I call this module sorttest.py.

"""This is a Python module for testing sort routines.  The sort routines
must obey the following interface:

def sort(array, cmp=lambda x, y: x > y):

It doesn't matter what it returns, but it must not throw an exception
in any of the tests.

Note that in Python, the parameter names are part of the interface, so
the parameters must be called 'array' and 'cmp'.  (There can be
additional optional parameters, though.)

When it returns, it should have mutated the array 'array' so that it
contains the same items (in the sense of 'is'), but possibly in a
different order.  The new order must be such that, for any i in
range(len(array-1)), cmp(array[i], array[i+1]) is false.  So, by
default, it sorts ascending.

It must not mutate anything the array points to --- that's cheating
--- but this is hard to test.
"""

import random

def bubblesort(array, cmp=lambda x, y: x > y):
    """The simplest working sort routine, for testing purposes.

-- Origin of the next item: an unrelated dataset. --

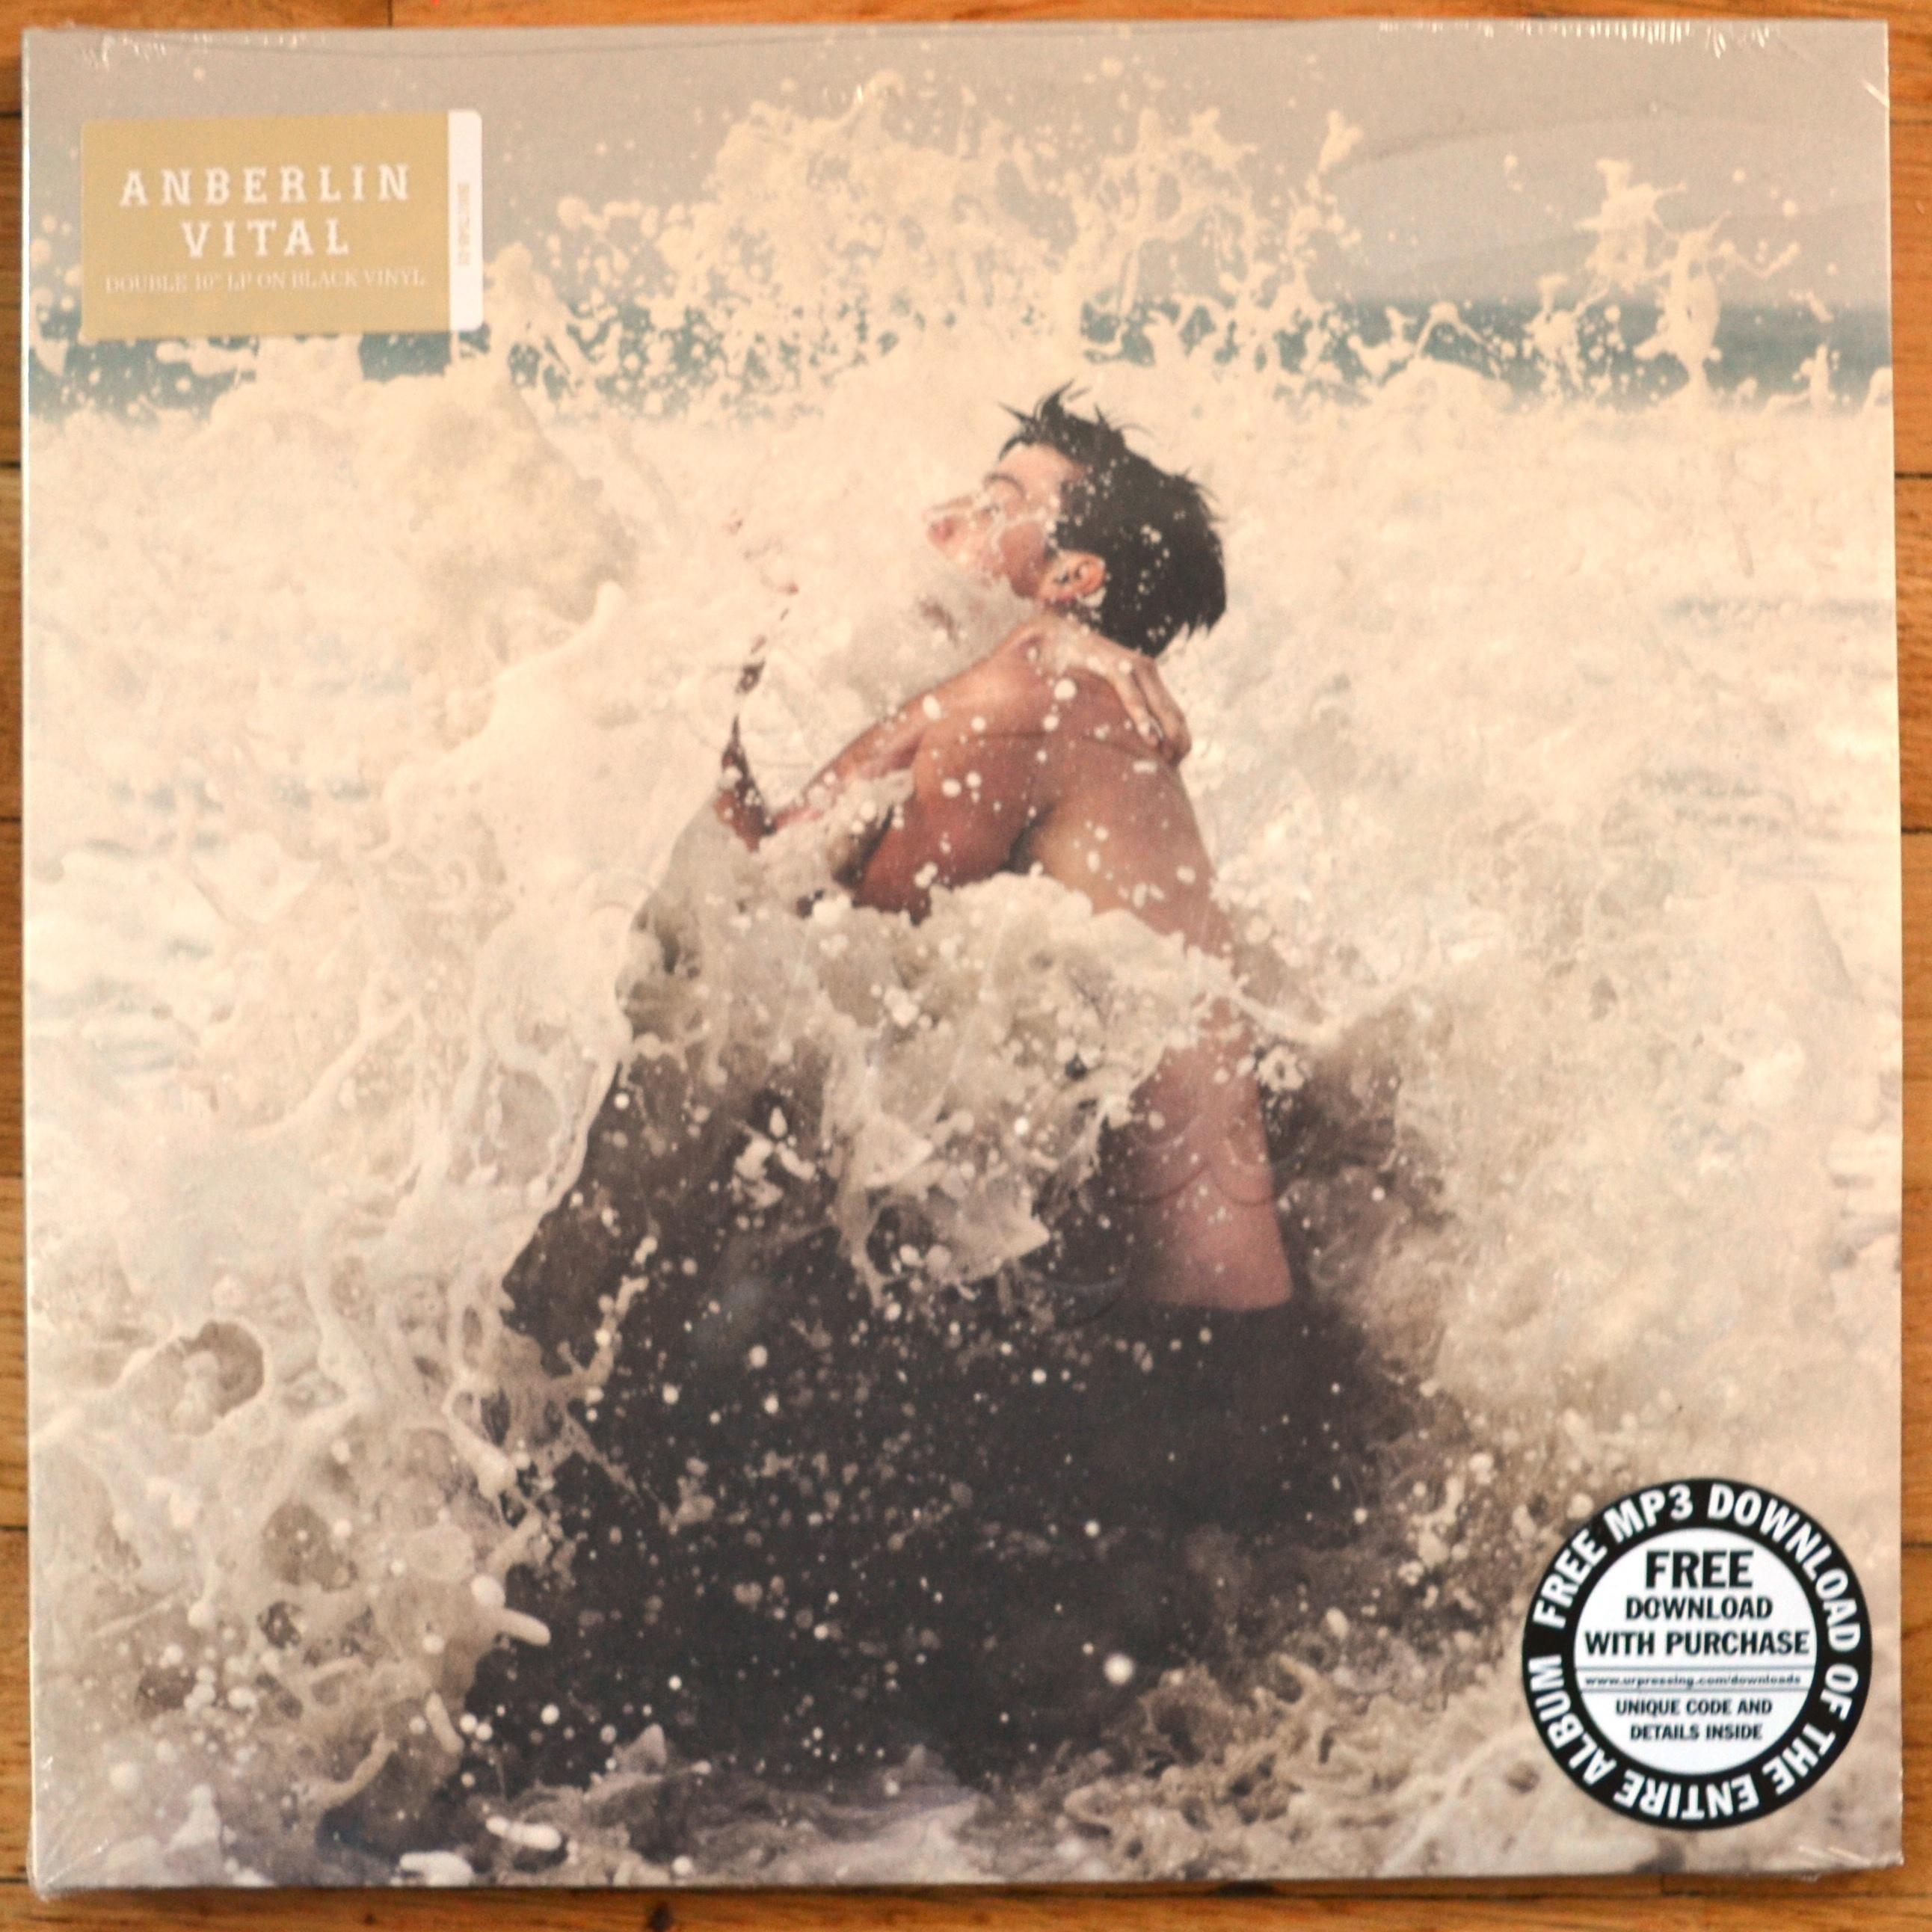 "Anberlin vital (10"" 2lp + download) – smlxl vinyl shop."

    This is here to make it possible to test sort-testing routines."""
    indices = range(len(array))
    indices.reverse()
    for j in indices:
        for i in range(j):
            if cmp(array[i], array[i+1]):
                (array[i], array[i+1]) = (array[i+1], array[i])

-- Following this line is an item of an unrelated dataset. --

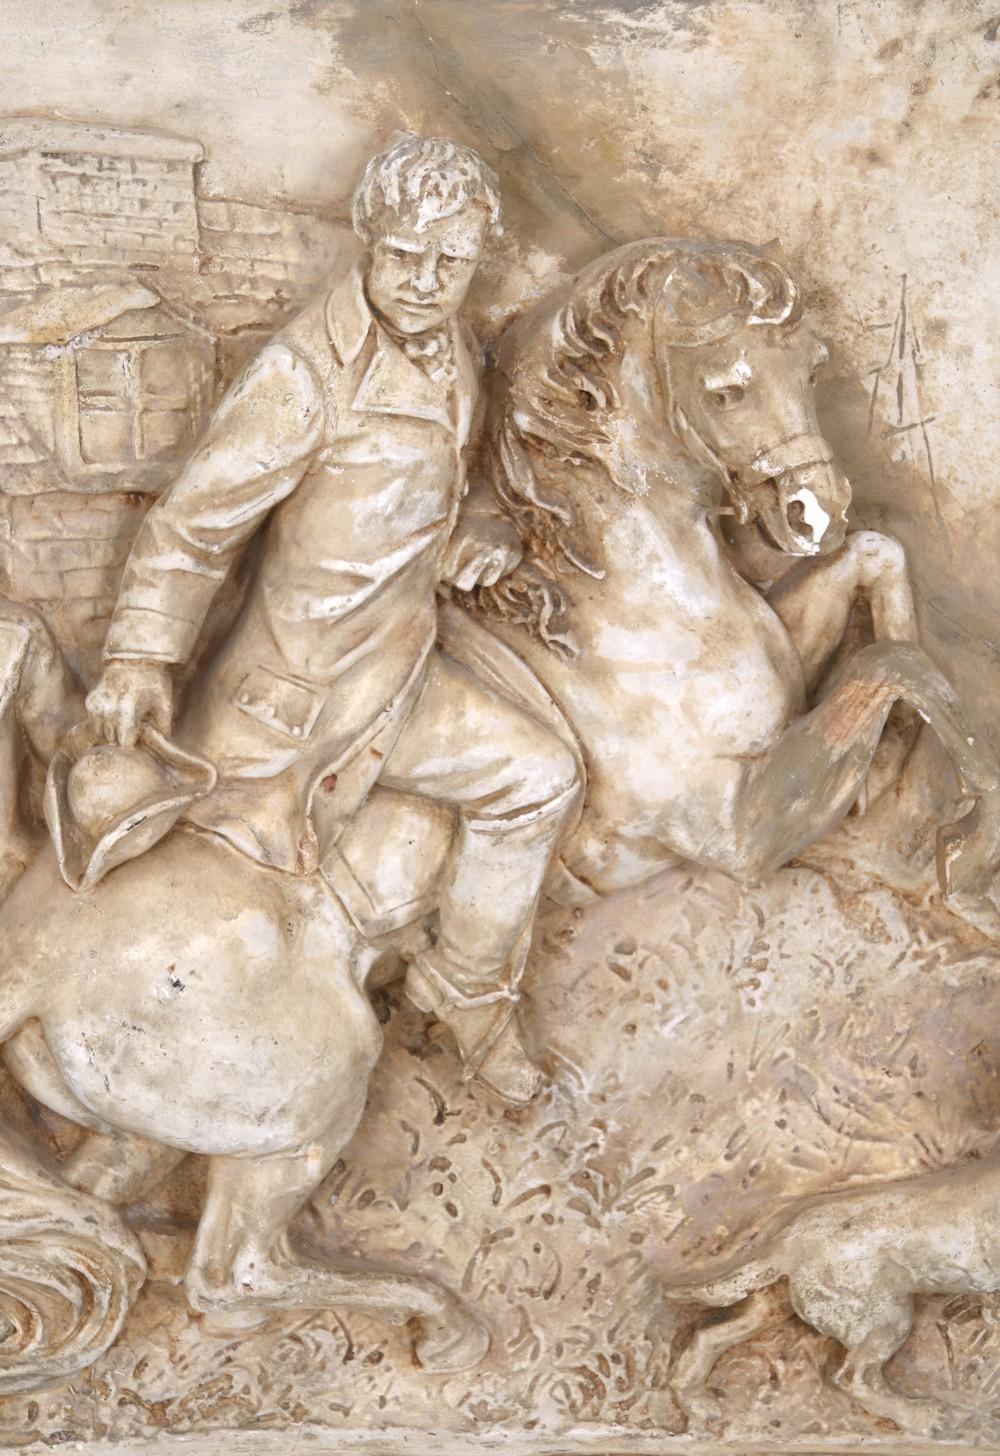 Cyrus Cobb (American, 1834-1903)

OutOfOrder = "sorttest.OutOfOrder"
ScrewedUpArray = "sorttest.ScrewedUpArray"

def brokensort1(array, cmp=lambda x, y: x > y):
    """Broken 'sort' routine that overwrites the whole array with 1 element."""
    for i in range(len(array)): array[i] = array[0]

def brokensort2(array, cmp=lambda x, y: x > y):
    """Broken 'sort' routine that bubblesorts backwards."""
    bubblesort(array, lambda x, y, cmp=cmp: cmp(y, x))

def testsort_onearray(array, sort, cmp=None):
    """Given a sort routine and an array, raise an exception if it sorts wrong.
    """
    arraycopy = array[:]  # copy array
    if cmp is None: sort(array)
    else: sort(array, cmp)

    # verify that the array is in order
    if cmp is None: cmp = lambda x, y: x > y
    for i in range(len(array)-1):
        if cmp(array[i], array[i+1]):
            raise OutOfOrder, (i, arraycopy, array, array[i], array[i+1])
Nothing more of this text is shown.